With more than 1 million monthly visitors to its property portals, Justproperty.com also has more than 96,000 properties currently listed for rent or sale.

The company also has the advantage of being run by a pair of tech-savvy founders, Siddharth (Sid) Singh and Alex Nicholas who, before starting the firm, worked together at the multinational consultancy Accenture.

As a result, Mr Nicholas argues that, in technological terms, their site has a competitive advantage.

“Accenture exposed us to what IT technology can do to improve a business and I think we’ve used that as the foundations of what we’ve built.

“Six months ago, Google approached us to integrate Street View. And I think they came to us because they saw we are a product-orientated company where we focus on technology,” he argued.

“I love the Street View feature. You can drag it and look around an area before you do a viewing,” says Mr Nicholas.

Another unique selling point the pair have is Propspace – a CRM system for estate agents that the founders say allows agents to manage their listings more conveniently by creating templates that can be used to list on all of the major UAE portals and on international sites such as Zoopla and Rightmove.

JRD Group says that of the agencies that use a CRM system in the UAE, 95 per cent use its product. It has about 500 corporate subscribers with a combined user base of 6,000 employees.

Mr Nicholas and Mr Singh first visited Dubai in 2007 with friends to look at its then-booming property market with a view to investing but found at he time that options for short stay, self-catering apartment lettings were limited and began investigating that market instead.

“In Europe, getting self-catering accommodation was quite popular. But there were only 19 [self catering] properties listed in Dubai and 100,000 units going up,” says Mr Singh.

He then took a job with a Dubai consultancy but quit shortly after.

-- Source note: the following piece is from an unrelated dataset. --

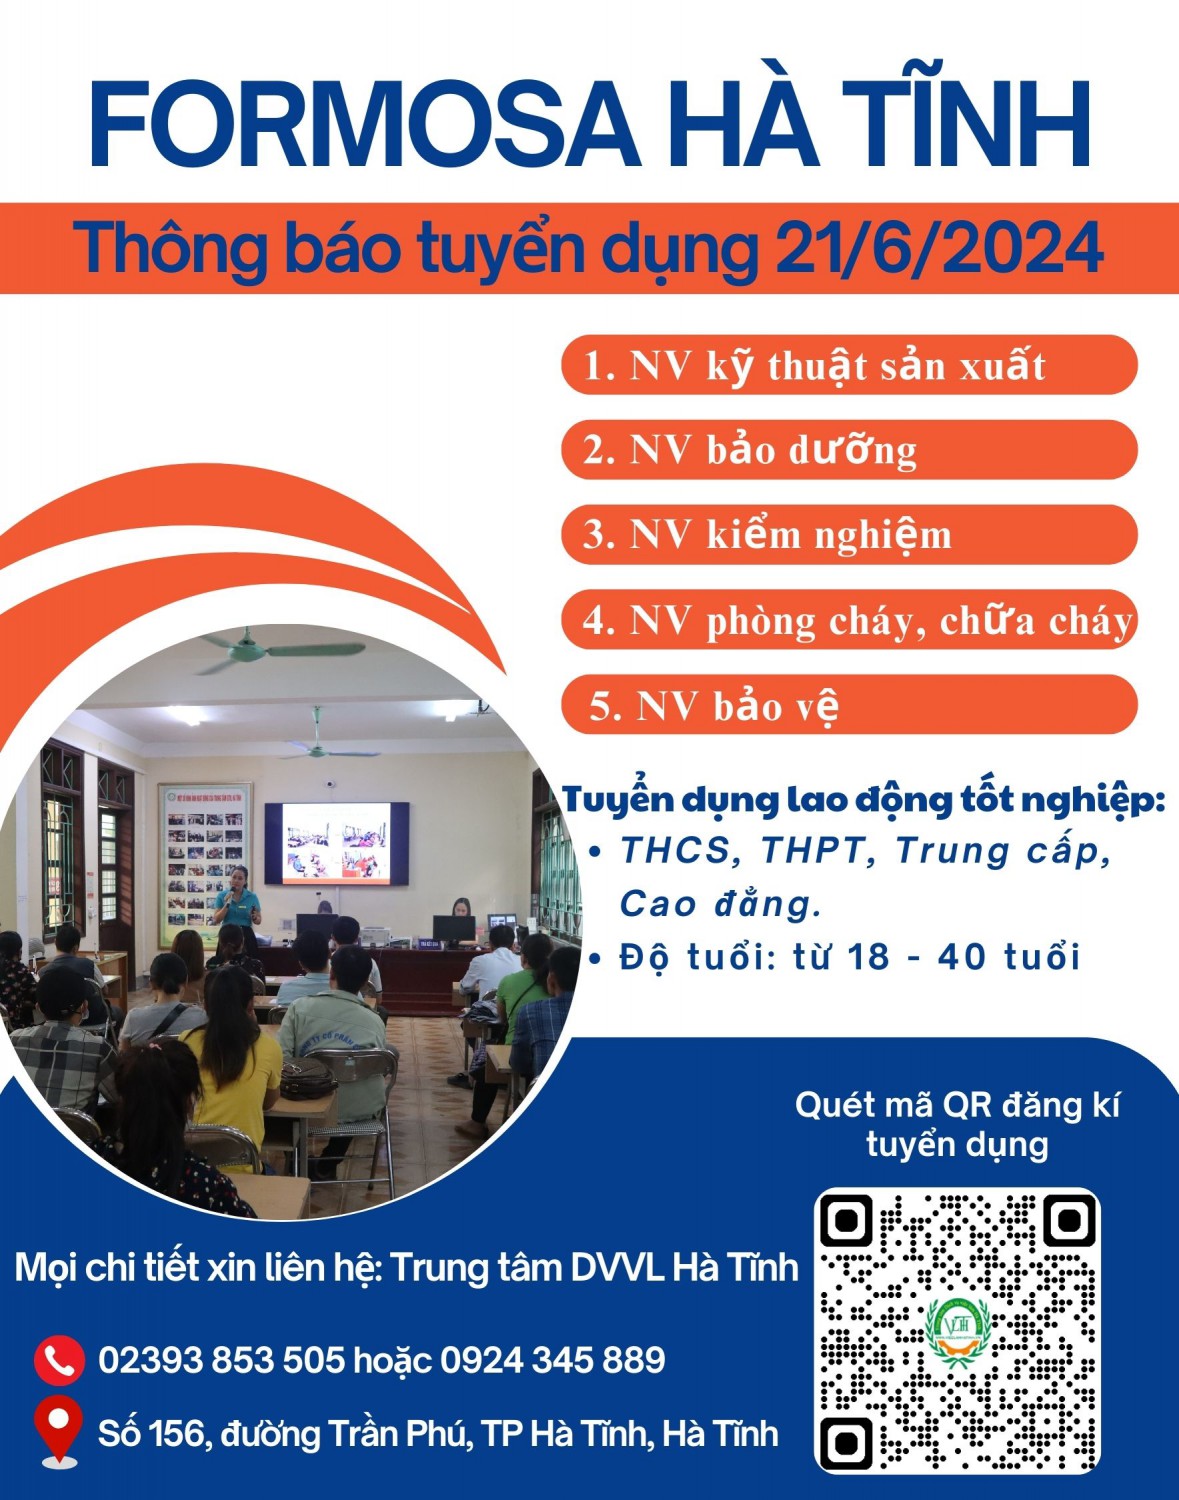 Formosa Hà Tĩnh thông báo tuyển dụng ngày 21/6/2024 tại Sàn GDVL Thành phố Hà Tĩnh

“By then I had the bug”, he says. “It became apparent to me that I wanted to take on this challenge.”

Mr Nicholas took a six-month leave of absence from Accenture to join him and never went back. They found early on that the holiday lettings idea was a bust and instead converted to a site where they charged agents a subscription fee to host listings.

“When we switched the model, we had a couple of competitors – dubizzle and propertyfinder – who were incredibly well-funded and huge,” he says. “There was just us two trying to work a steady, 18-hour day on a computer. But we just trusted that if we provided a good service and listened to clients we would be able to compete,” says Mr Nicholas.

Mr Singh says a lack of funds meant they kept costs as low as possible – initially basing themselves in Ras Al Khaimah “because that was where the cheapest rent was”.

“There was a time when going out even to a low-level restaurant seemed expensive, because you compared it to server costs and we knew we had to spend money there – to keep focused on work,” Mr Singh says.

The pair went without salaries for three months and were down to the last of their savings when they got a break as Mr Nicholas, as the company’s improvised sales rep, managed to sign three clients in the same day. “It was my biggest ever day in terms of sales,” he says. “In hindsight, they were very small deals financially but it meant we had enough to pay that month’s bills.”

The business grew through referrals. Despite the fact that agents were already listing properties with its two bigger competitors, Mr Nicholas says they were happy to use a third “as long as they got a great value product”.

“I think after the first month’s trial, all of these clients were pleasantly surprised with the quality of the product and the leads we were generating for them,” he says.

As a result, the site’s customer retention rate is very high.

“Pretty much the only time a client leaves us, especially with software, is if they’re a small outfit and they have to close down because of their own competitive issues. That’s something we’re really proud of – maintaining those relationships. It wouldn’t feel as good if those first 20-30 clients were no longer with us, but I’m happy to say they all are.”

JRD Group declines to give a turnover figure, but says sales doubled in 2013 and 2014 and are on track to grow again by 80 to 90 per cent this year. Staff numbers have also doubled since the start of the year and the firm now employs 60 people.

In August, iMENA Group, which owns and invests in a number of online classified and marketplace sites, took a minority stake in the business in return for growth capital that will help JRD Group to roll-out Justproperty portals to other countries around the region.

A Qatar site was launched in the same month and Arabic language listings have been created ahead of the launch of a dedicated Saudi Arabian portal later this year.

It will also allow them to sell Propspace on a global basis — they have already exhibited the software at a real estate trade show in London and are planning to attend another in San Diego.

The iMENA Group chairman and founder Khaldoon Tabaza has pledged to make Justproperty.com the cornerstone of a real estate listings business into which it plans to invest up to US$25 million over the next few years. He says Mr Nicholas and Mr Singh have managed to create “a very healthy business” from scratch by carving out market share in a competitive industry.

“We believe they are now at a stage where they can expand in the UAE and beyond, and the Imena platform will be critical to the expansion,” Mr Tabaza says.

“The fact that Imena owns multi-category businesses like opensooq.com makes for perfect synergies between us. The value we are able to provide goes beyond cash.”